Maybe 10 paintings all-in-all, both oil and acrylic counted.. soI have room for more practice


----------



## tempest (Jan 26, 2009)

The head seems a little out of proportion to the body, but only after you added the mane. Wonder why that is...


----------



## darkrapidash (Jun 27, 2009)

That's beautiful! Thanks for sharing the pictures from BEFORE it was finished, lol. Interesting to see how it all comes together.
The head does look a little big, though, but I think it might just be an issue of colors and contrasting. In the end, it looks really great!


----------



## SpiritJordanRivers (May 31, 2009)

Wow! That's SO good! I can't paint to save my life . . . but I can draw . . . kinda  lol. The mane and tail look amazing.


----------



## Zab (Oct 4, 2008)

Thanks! 

The head is a bit big. Think of it as a foal and it'll be alright x)
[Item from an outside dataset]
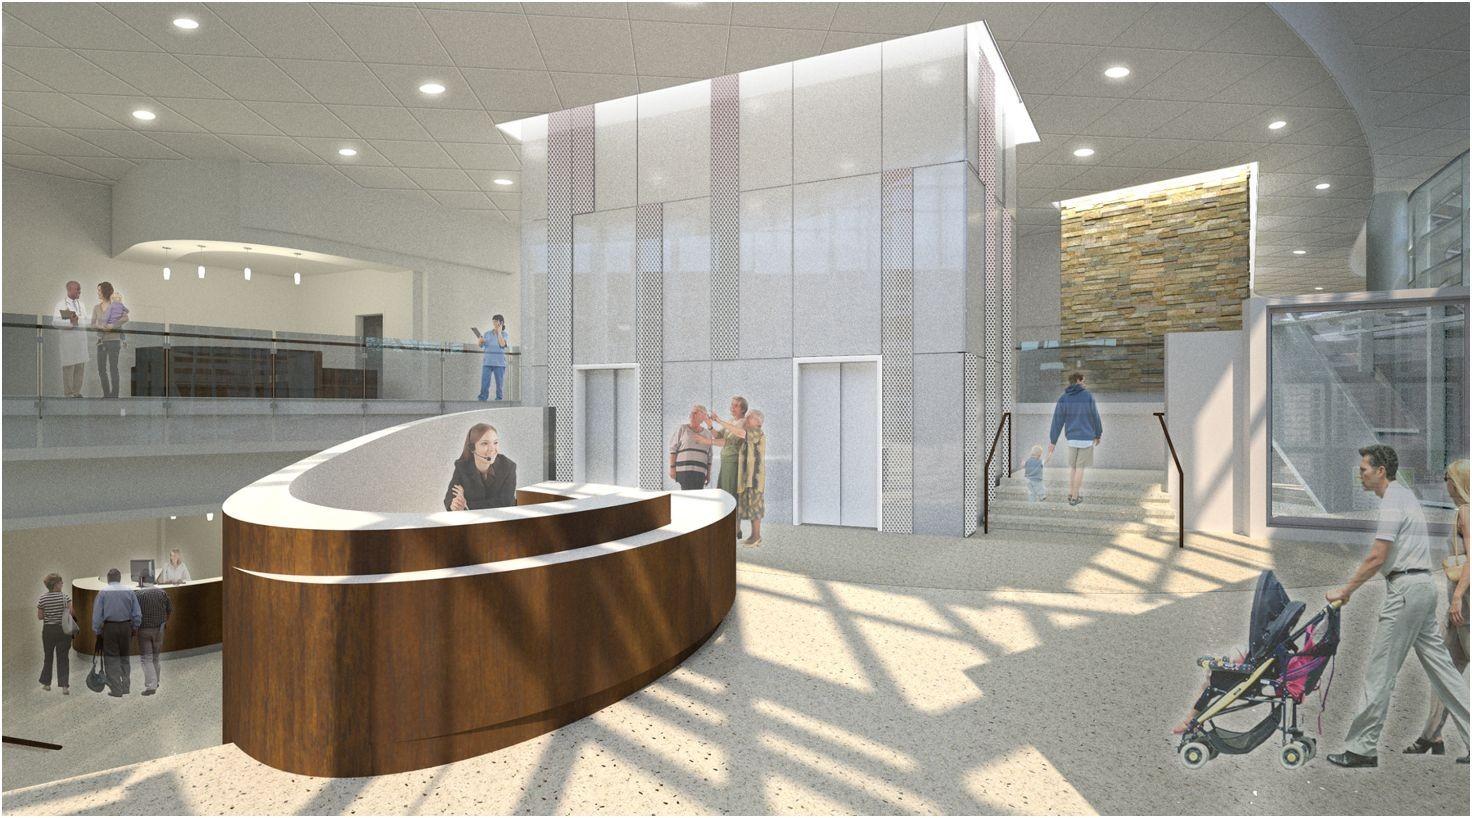 Gallery of Advocate Illinois Masonic Medical Center ...

I think I'll add more light and so on tomorrow.. just might see what I can do about the head too.


----------



## Sunny06 (Jun 22, 2009)

I love unicorns and you are amazing O.O


----------



## Zab (Oct 4, 2008)

I added some more light and more red in the shadows and stuff.. and photographed n daylight


----------



## Zab (Oct 4, 2008)

hm..noticed I have some brush-strokes to blend..


----------



## darkrapidash (Jun 27, 2009)

It looks even better :O I think lightening the forelegs really helped bring the head back into proportion. Great job!


----------



## Zab (Oct 4, 2008)

yayness ^^


----------



## InspiredByHorses (Jul 19, 2009)

Awesome


----------



## Jillyann (Mar 31, 2009)

that is amazing!


----------



## ilovemyPhillip (Apr 4, 2009)

whoa!!!!! thats amazing!!!!!! youre lucky you have LOADS of talent!


----------



## RoCru (Jul 19, 2009)

Awesome!!!


----------



## Qtswede (Apr 16, 2009)

I love that this isn't another white unicorn. Very interesting. You did a great job, and as far as the head/proportion thing - you could look at it as a pony rather than a foal, and it's perfect. lol!


----------